Red shield orchid

Scientific classification
- Kingdom: Plantae
- Clade: Embryophytes
- Clade: Tracheophytes
- Clade: Spermatophytes
- Clade: Angiosperms
- Clade: Monocots
- Order: Asparagales
- Family: Orchidaceae
- Subfamily: Epidendroideae
- Genus: Nervilia
- Species: N. uniflora
- Binomial name: Nervilia uniflora (F.Muell.) Schltr.
- Synonyms: Pogonia uniflora F.Muell.;

= Nervilia uniflora =

- Genus: Nervilia
- Species: uniflora
- Authority: (F.Muell.) Schltr.
- Synonyms: Pogonia uniflora F.Muell.

Species of orchid

Nervilia uniflora, commonly known as the red shield orchid, is a small terrestrial orchid found in northern Queensland, Australia. It has a single short-lived, pink or mauve flower.
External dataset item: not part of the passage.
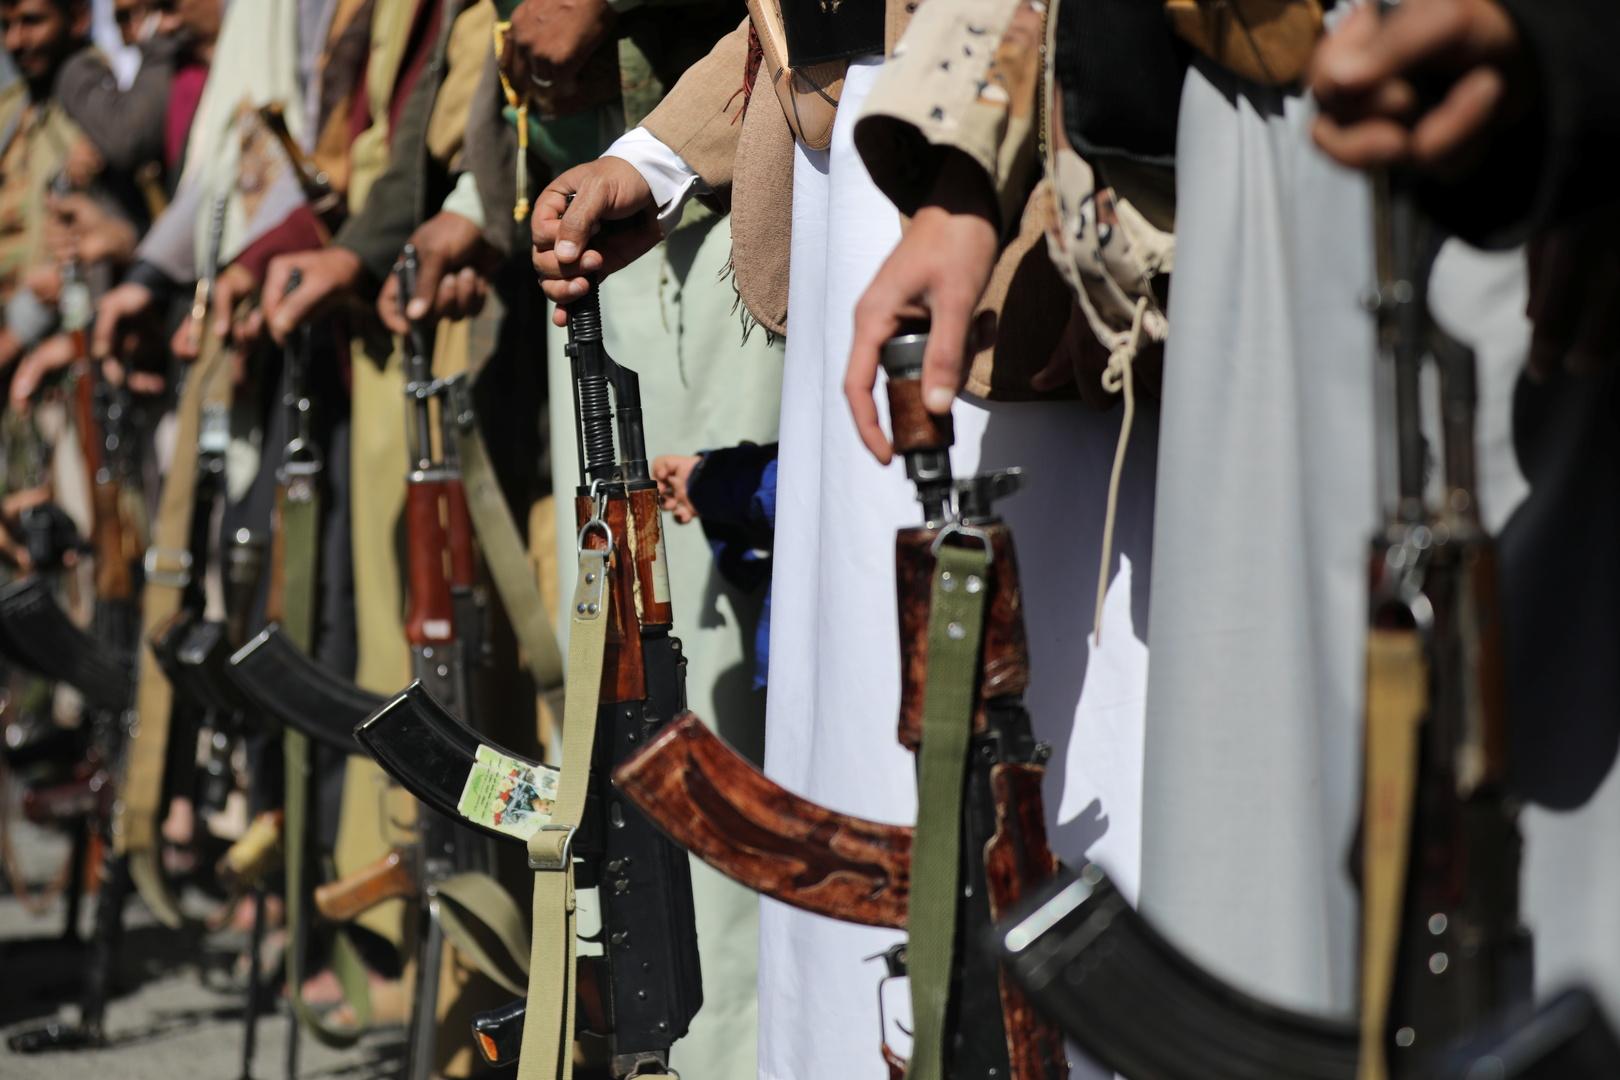 الحوثيون: مستعدون لوقف العمليات العسكرية في العمق السعودي ومأرب مقابل وقف الحرب ورفع الحصار

A dark green, heart-shaped leaf emerges at the base of the flowering stem after flowering.

==Description==
Nervilia uniflora is a terrestrial, perennial, deciduous, sympodial herb which grows in colonies with only a few individuals producing flowers in any one year. A single pink or mauve flower 25-30 mm long and wide are borne on a flowering stem 100-200 mm tall. The sepals are 18-23 mm long and about 3 mm wide and the petals are similar but slightly shorter and narrower. The labellum is pink to mauve, 14-18 mm long, 5-6 mm wide with three lobes, the middle lobe turned downwards. After flowering, a single heart-shaped leaf develops, including on those plants that did not flower. The leaf is dark green on the upper surface, reddish below, 25-35 mm wide and held horizontally above ground level. Flowering occurs between November and January.

==Taxonomy and naming==
The red shield orchid was first formally described in 1866 by Ferdinand von Mueller who gave it the name Pogonia uniflora and published the description in Fragmenta phytographiae Australiae. In 1906 Rudolf Schlechter changed the name to Nervilia uniflora. The specific epithet (uniflora) means "one-flowered".

==Distribution and habitat==
Nervilia uniflora occurs in north Queensland between Cooktown and Proserpine. It grows in woodland, forest and rainforest.